To determine when the rock hits the water, we need to find out when the height \( h \) becomes 0 (i.e., when it reaches the lake). We have the equation:

\[ h = -4.9t^2 + 10 \]

Setting \( h = 0 \):

\[ 0 = -4.9t^2 + 10 \]

Now, we can solve for \( t \):

\[ 4.9t^2 = 10 \]

\[ t^2 = \frac{10}{4.9} \]

\[ t^2 \approx 2.04 \]

Taking the square root:

\[ t \approx \sqrt{2.04} \approx 1.43 \text{ seconds} \]

Therefore, the rock will hit the water approximately 1.43 seconds after being thrown.

For your table setup, you want to establish a reasonable time range that includes the moment the rock hits the water:

• A good starting point could be to start from \( t = 0 \) seconds (when the rock is thrown).
• Since the rock hits the water at about 1.43 seconds, you might set the range slightly beyond this time, perhaps to 2 seconds or even 3 seconds for a comfortable scale.
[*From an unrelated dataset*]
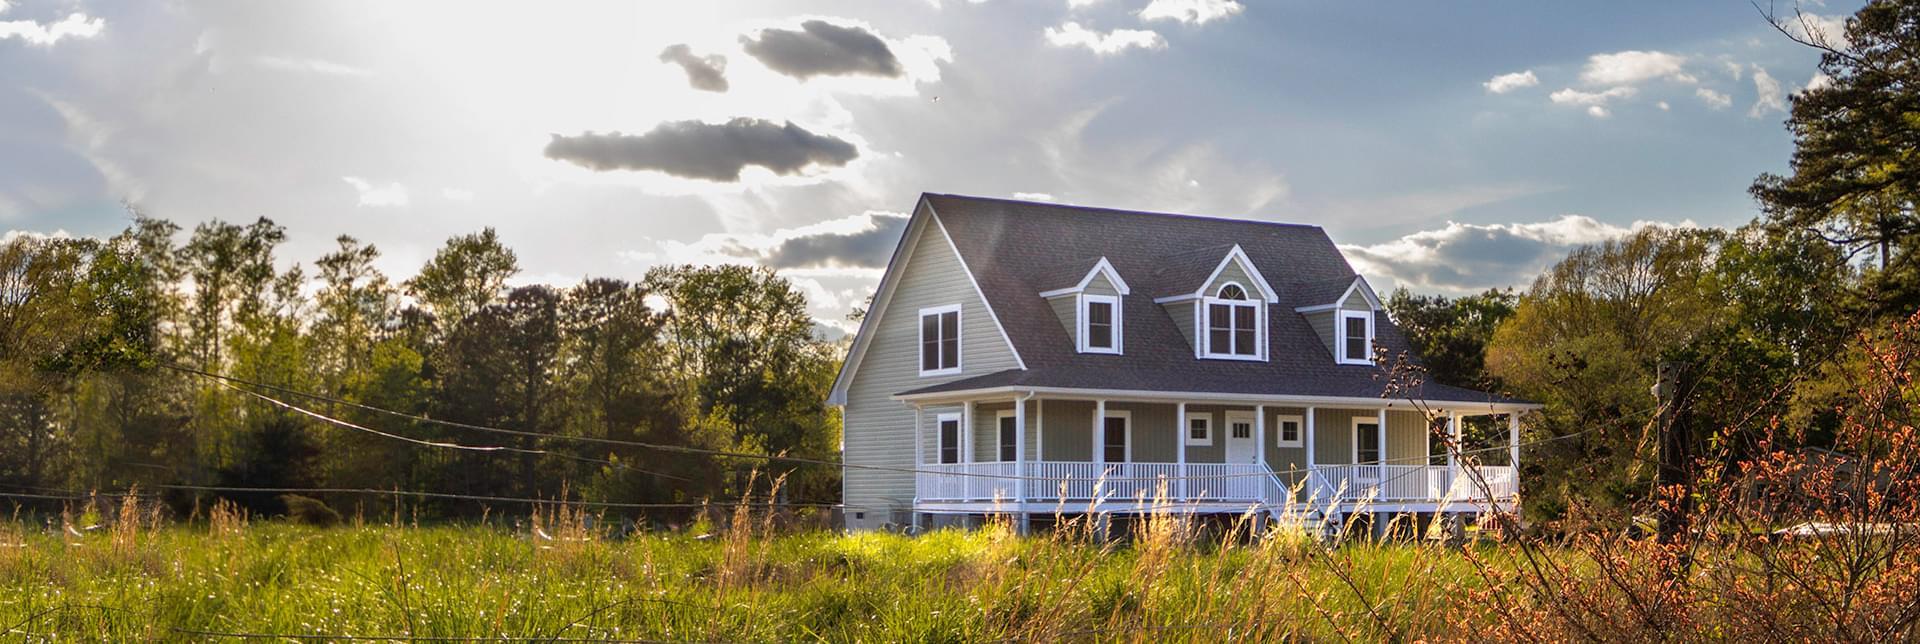 New Homes in Pasquotank County NC

Thus, a reasonable scale for your time \( t \) would be:

• Interval: \( t = 0, 0.5, 1.0, 1.5, 2.0, 2.5, 3.0 \)
• Values: Corresponding heights can be calculated for these time values to observe the change in height until it reaches 0.

By following this setup, you can neatly analyze the height of the rock over time and effectively determine when it reaches the lake.